Americans losing faith in college education
Andrew L. Yarrow teaches U.S. history at American University We've all seen the bumper stickers that proclaim, "My child and my money go to X University." I'm a college professor, and when my students gripe about $50,000 annual costs and associated debt, I tell them they don't want to know what I paid a quarter-century ago (60 times less in current dollars).
Andrew L. Yarrow
teaches U.S. history
at American University
We've all seen the bumper stickers that proclaim, "My child and my money go to X University." I'm a college professor, and when my students gripe about $50,000 annual costs and associated debt, I tell them they don't want to know what I paid a quarter-century ago (60 times less in current dollars).
But new research by Public Agenda and the National Center for Public Policy and Higher Education indicates that Americans' unease - even bitterness - toward higher education runs deeper than Mercedes-a-year tuition bills.
College administrators and education policy makers would be wrong to ignore the growing chorus of complaints among millions of American parents and students.
Going to college long has been the apotheosis of the American dream. Not only did college graduation signify that one had "made it," but the glamour of a four-year intellectual respite in ivy-draped classroom buildings with the world's great scholars attracted millions seeking the surest ticket to a better life.

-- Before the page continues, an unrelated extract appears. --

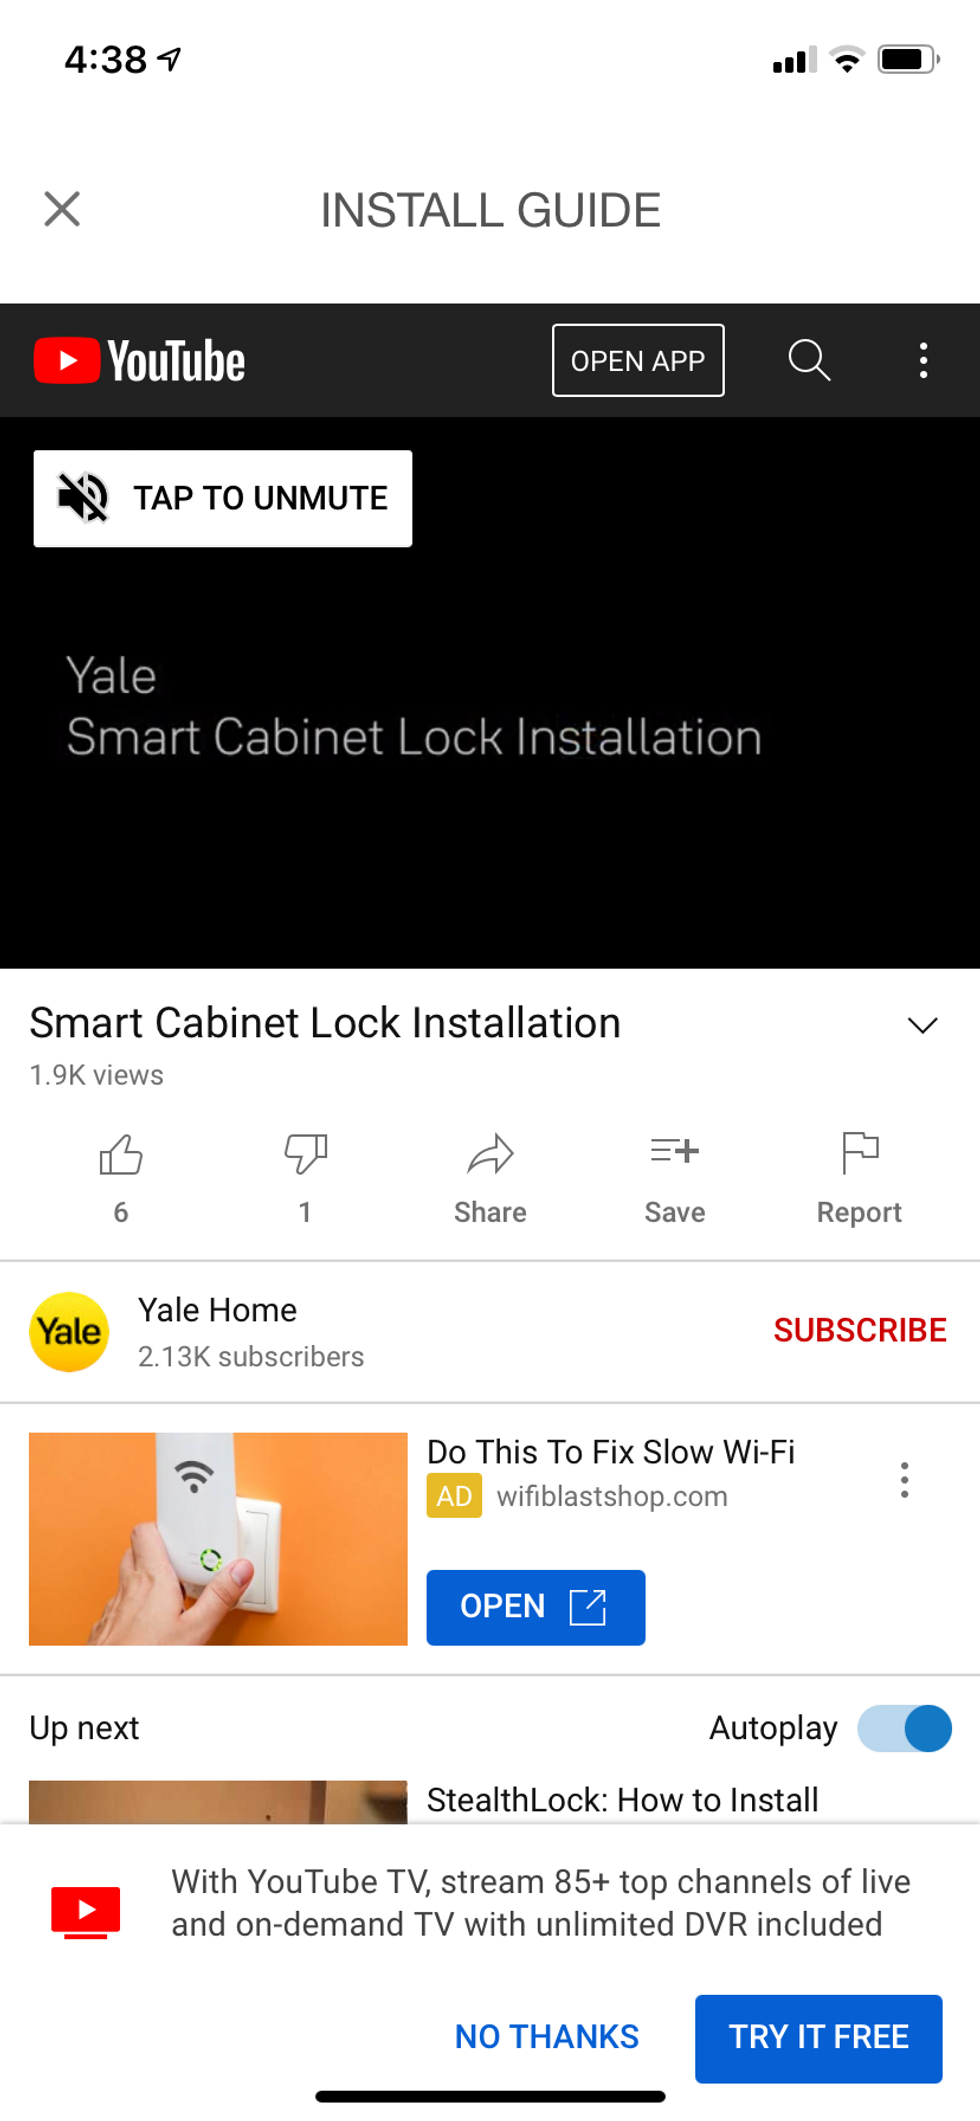 Yale app for instructions on installation for cabinet lock.
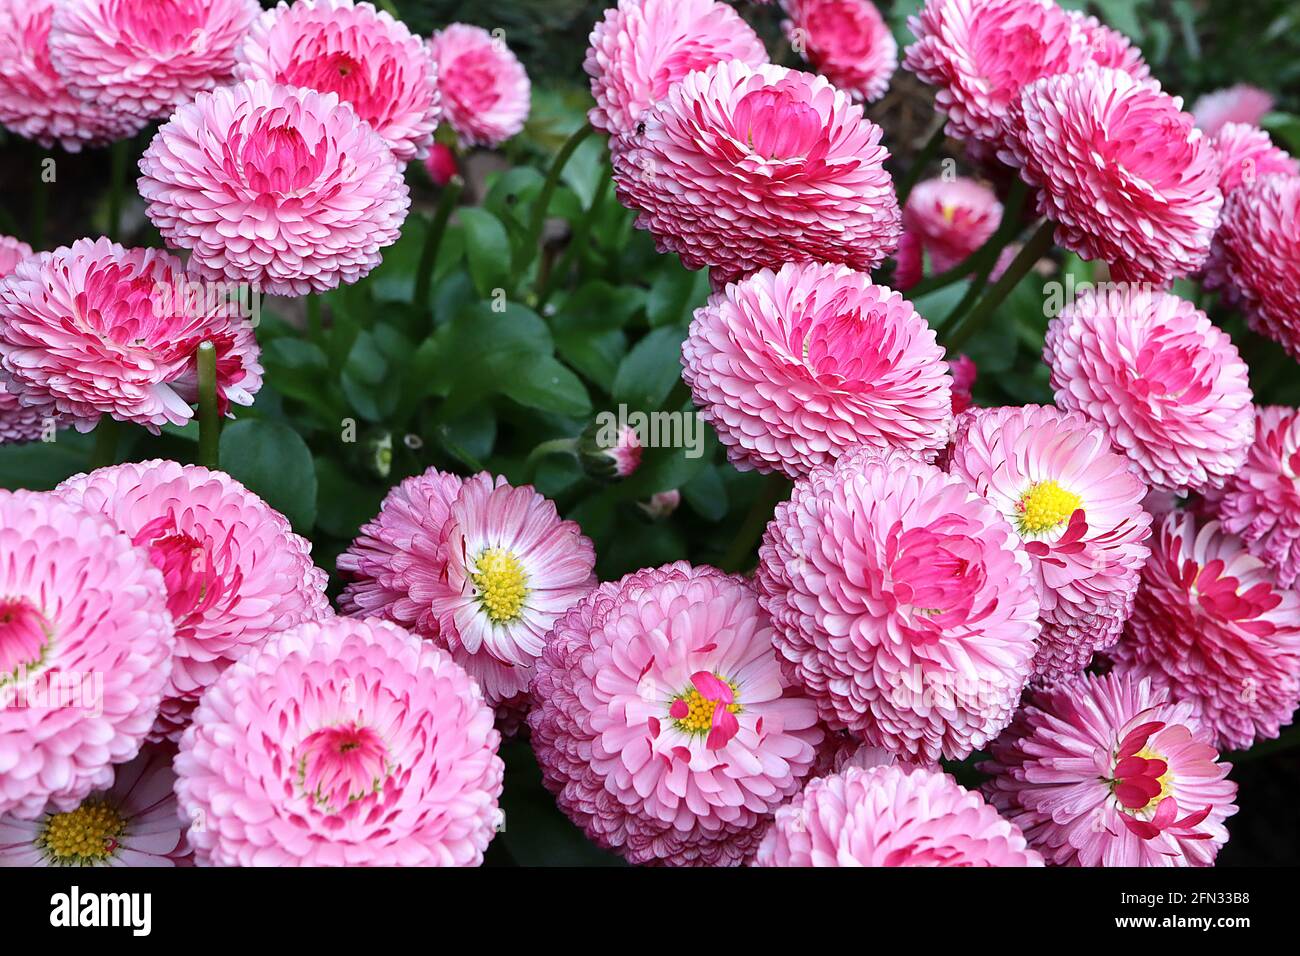 Bellis perennis ‘Bam Bam Red’ Double daisy – bicolored flowers with red outer petals and white inner petals,  May, England, UK Stock Photo

American universities have been world-beating institutions, and the vast post-World War II expansion of public higher education and college loans and scholarships made college affordable to most Americans. From V-J Day to today, the number of U.S. college students soared from fewer than 1 million to more than 17 million, and the correlation between learning and earning has never been stronger.
More students than ever, of all ethnic backgrounds and ages, attend college. The world's best, most ambitious students flock to American universities. Most young people and their parents believe that college and, perhaps, graduate school are extremely desirable.
Yet slowly but perceptibly, this faith has been eroding - even before the recent college-loan scandal. Stratospheric college costs, coupled with a surprisingly widespread belief in educational mismanagement and the accurate perception that all young people do not have equal access to college, have led ever more Americans to believe that something has gone seriously awry with the once-vaunted system of U.S. higher education.
A new Public Agenda study, "Squeeze Play: How Parents and the Public Look at Higher Education Today," finds deep and growing worries about many aspects of U.S. higher education.
Rapidly rising costs are high on many Americans' lists of complaints. Public Agenda found that 76 percent of parents are more than a little worried about tuition bills, and only 44 percent believe students get their money's worth. Nearly four-fifths of Americans think students have to borrow too much for college.
Most troubling for a nation that has prided itself on its belief in upward mobility, the percentage who say that many qualified, motivated students do not have the opportunity to attend college has risen sharply, from 45 percent in 1998 to 62 percent today.
Such beliefs are disproportionately common among black and Hispanic parents.
Although Americans still give colleges generally high marks for quality, higher education is increasingly perceived less as a noble purveyor of knowledge and skills than as a business. Fifty-two percent said that colleges "mainly care about the bottom line," with 44 percent blaming "waste and mismanagement" and 46 percent fingering cutbacks in state aid.
These streams of discontent led nearly half the people surveyed to call for their states' higher-education systems to be "fundamentally overhauled." Americans are divided about raising taxes for higher education, yet 75 percent believe it is a very high priority to make more grants and tax breaks available to students, and many believe that less-expensive community colleges should be expanded.
Americans recognize the importance of a college education, but the halcyon days of the mid- to late 20th century, which contributed to higher education's enormous public esteem, are waning. The clear message is: Americans still value higher education, but the love affair is not the passionate romance that it once was.
Defenders of the higher-education status quo need to make college more affordable, restore more equitable access and ensure that students and parents - their consumers - feel their hard-earned dollars are used as fairly and effectively as possible.
If higher-education and education policy leaders do not respond to this growing discontent, we may be in for a new era of campus protests - one in which students are joined by their parents in besieging campus administrators with demands for accountability and reform.